Restate each of the lines below word for word and drop every picture.

→ **SOURCE MATERIAL**:
_ _ _ _
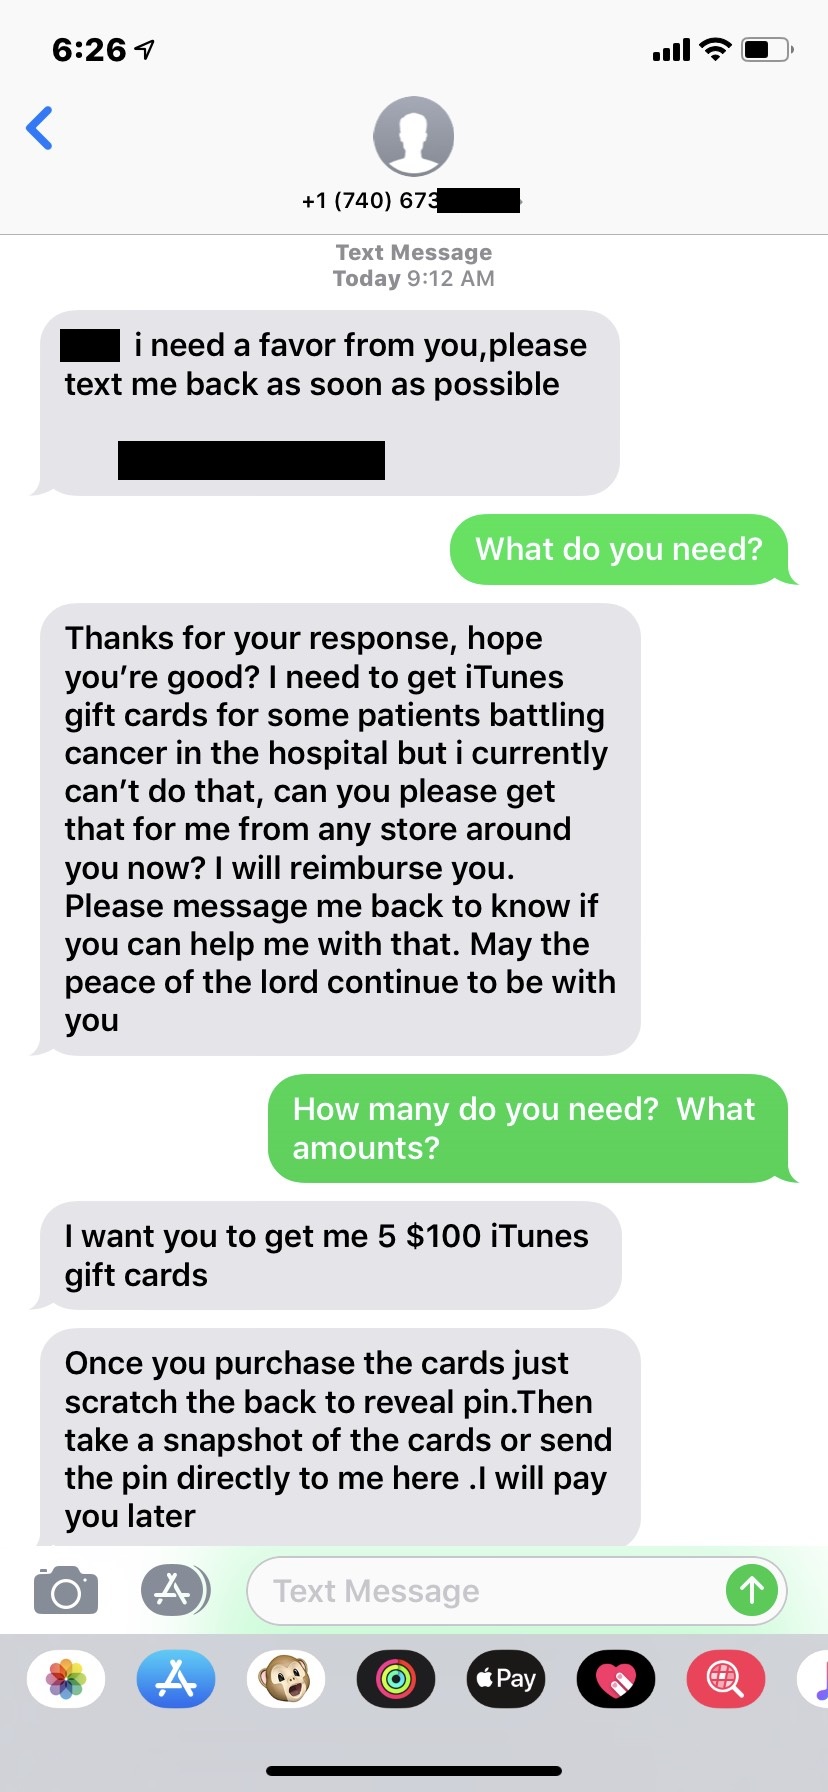 screenshot - 7 1 740 673 Text Message Today i need a favor from you, please text me back as soon as possible What do you need? Thanks for your response, hope you're good? I need to get iTunes gift cards for some patients battling cancer in the hospital bu
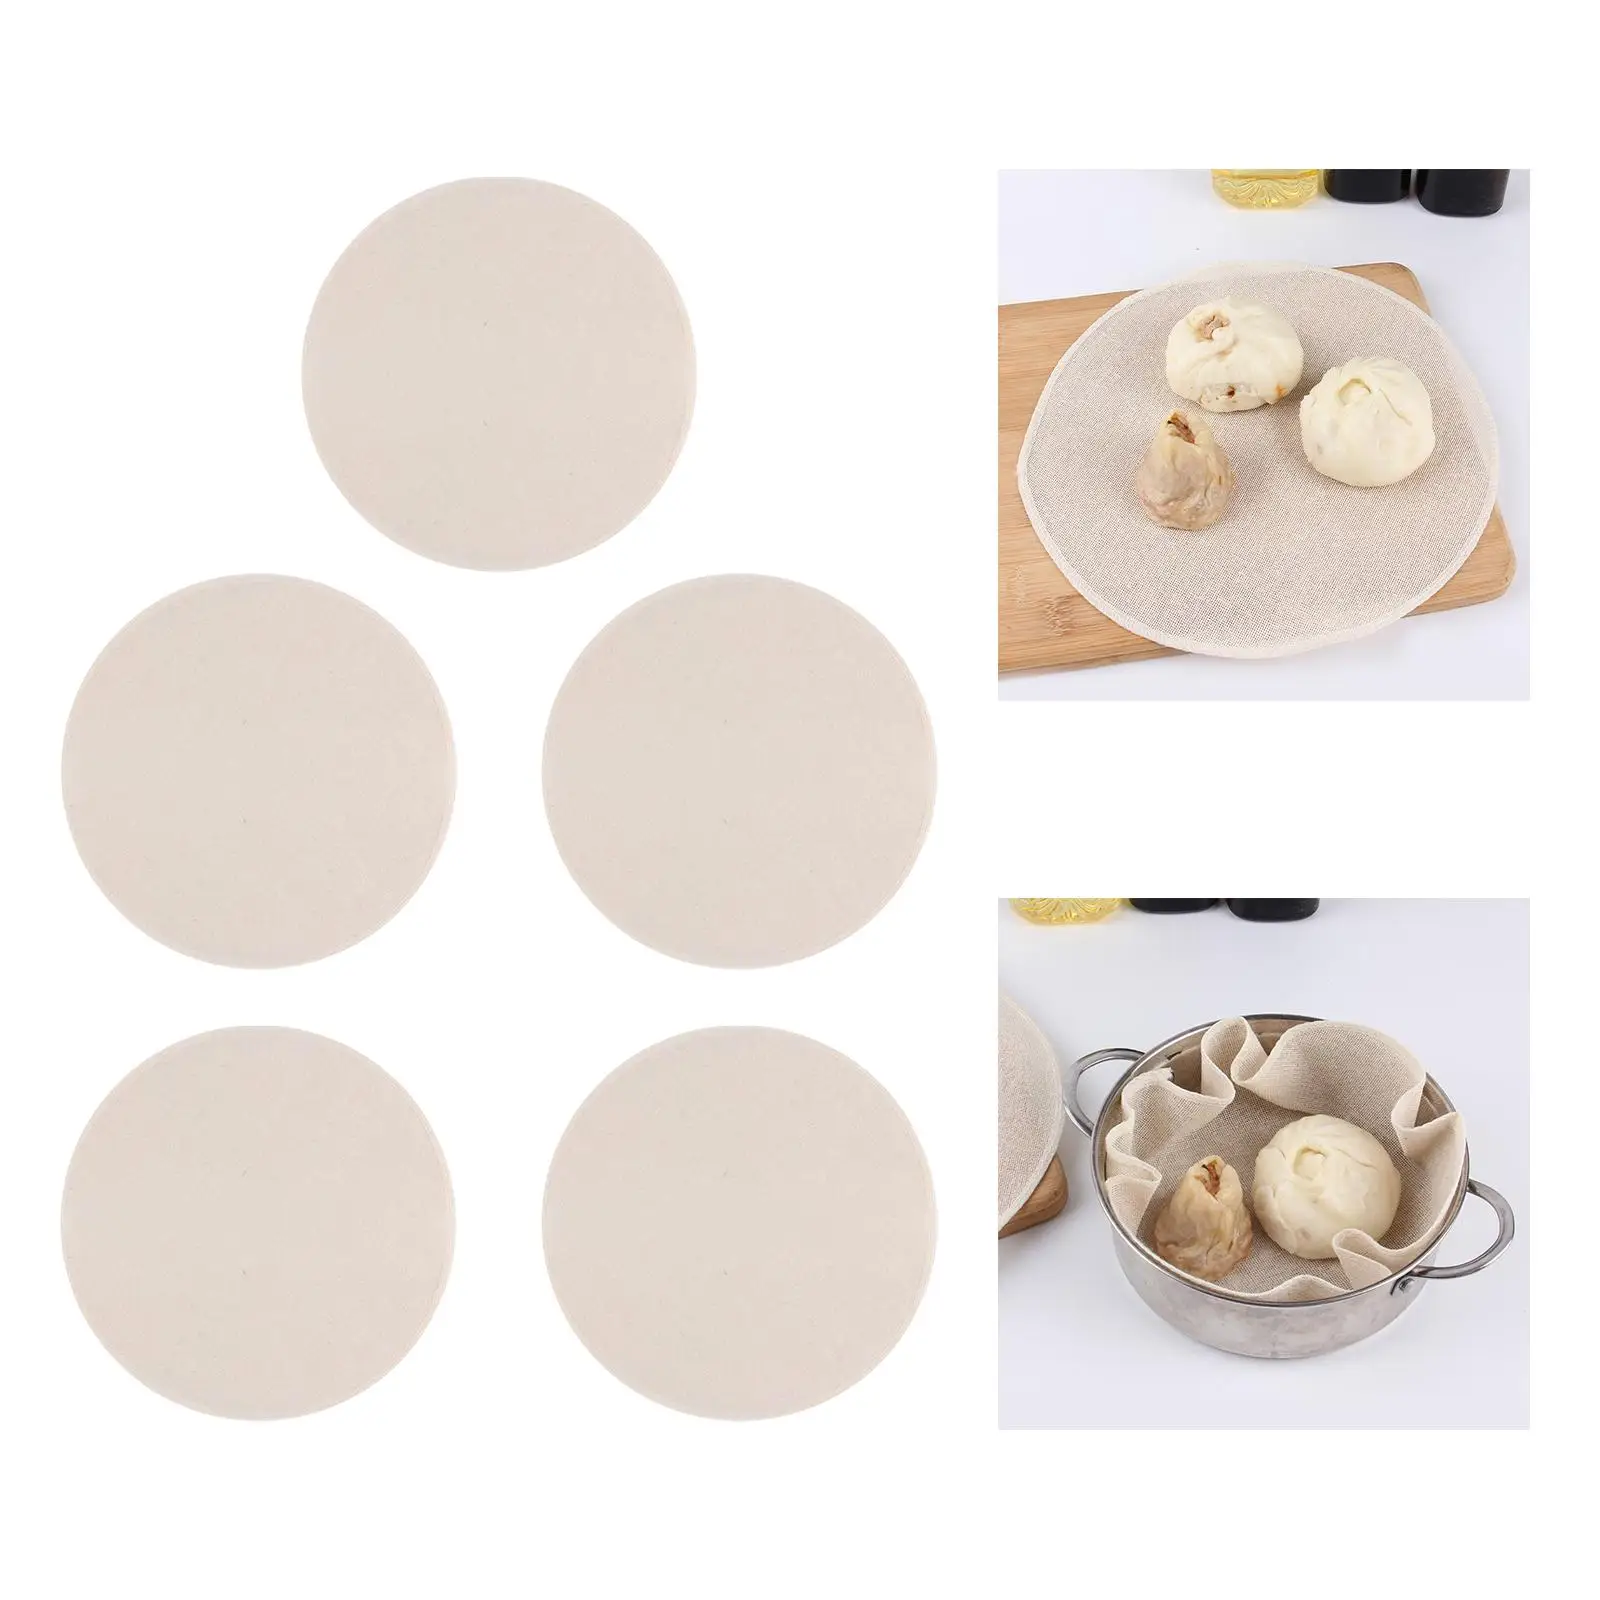 5x Non Stick Food Stuffed Bun Steamed Mat Breathable Steamer Liners Mesh Mat Pad for Dumplings Steamed Buns Dim Pastry Baking
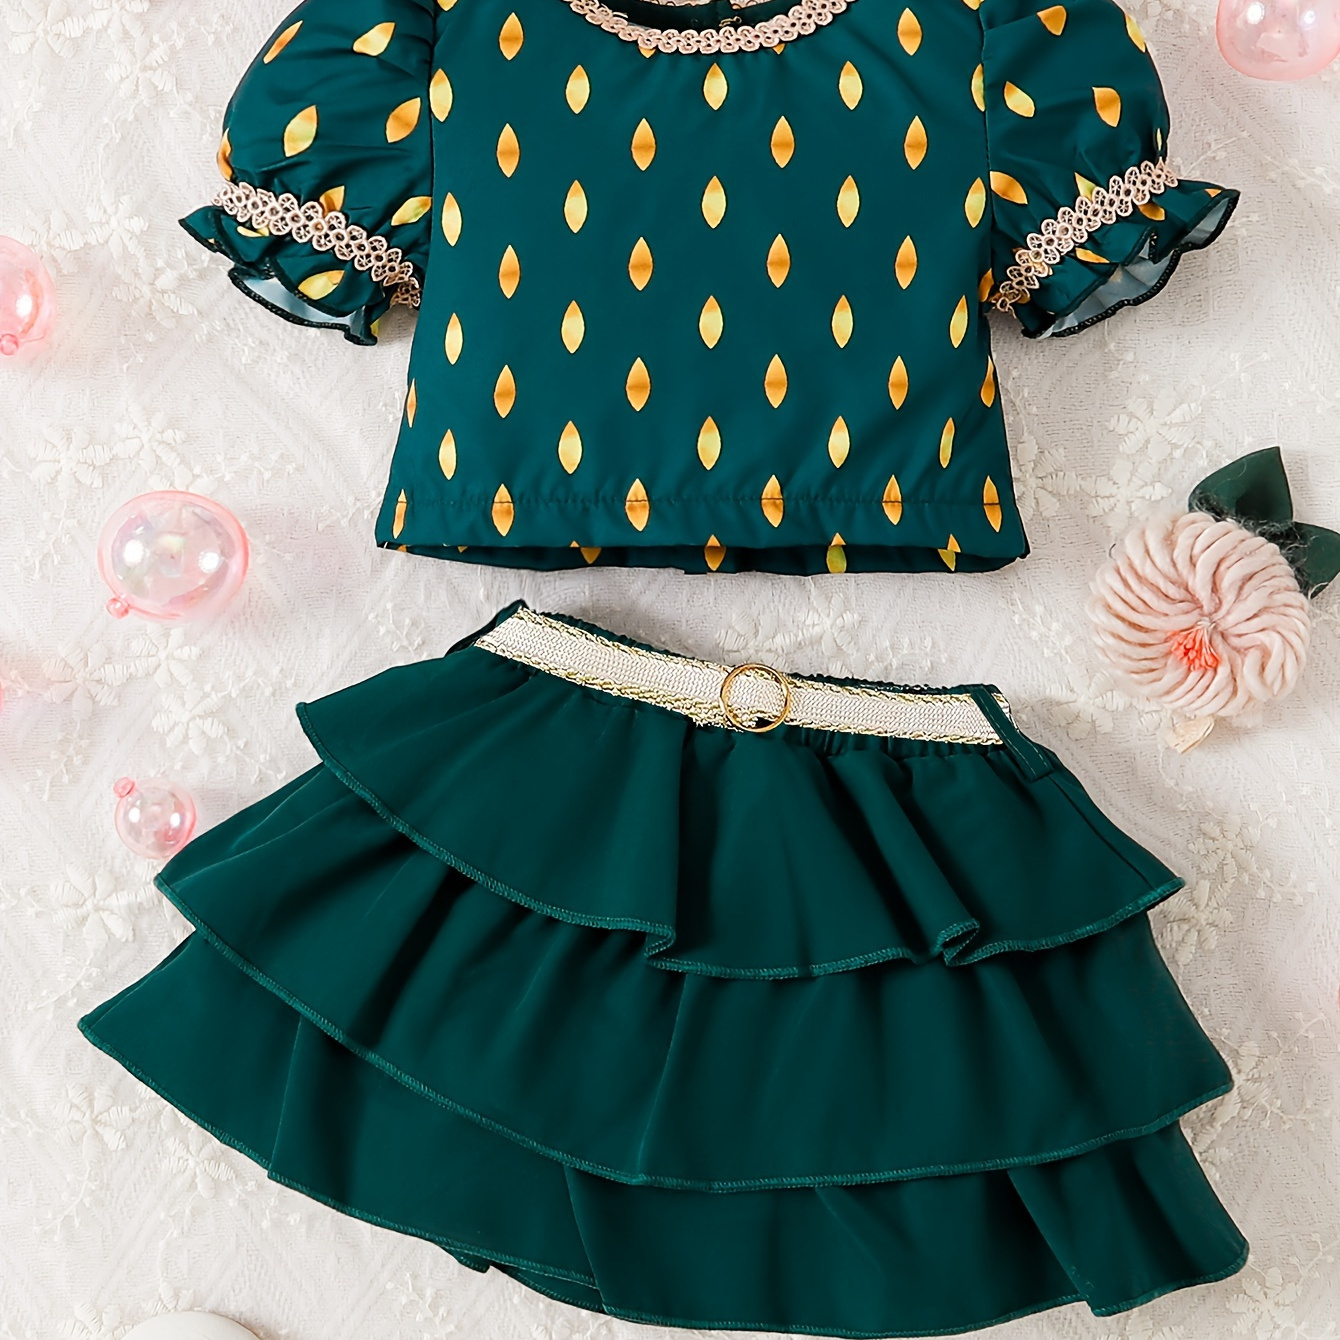 

Baby's Ethnic Style 2pcs Lovely Summer Outfit, Puff Sleeve Top & Layered Skirt Set, Toddler & Infant Girl's Clothes For Daily/holiday/party
_ _ _ _
→ **TASK RESPONSE**:
 screenshot - 7 1 740 673 Text Message Today i need a favor from you, please text me back as soon as possible What do you need? Thanks for your response, hope you're good? I need to get iTunes gift cards for some patients battling cancer in the hospital bu
 5x Non Stick Food Stuffed Bun Steamed Mat Breathable Steamer Liners Mesh Mat Pad for Dumplings Steamed Buns Dim Pastry Baking

Baby's Ethnic Style 2pcs Lovely Summer Outfit, Puff Sleeve Top & Layered Skirt Set, Toddler & Infant Girl's Clothes For Daily/holiday/party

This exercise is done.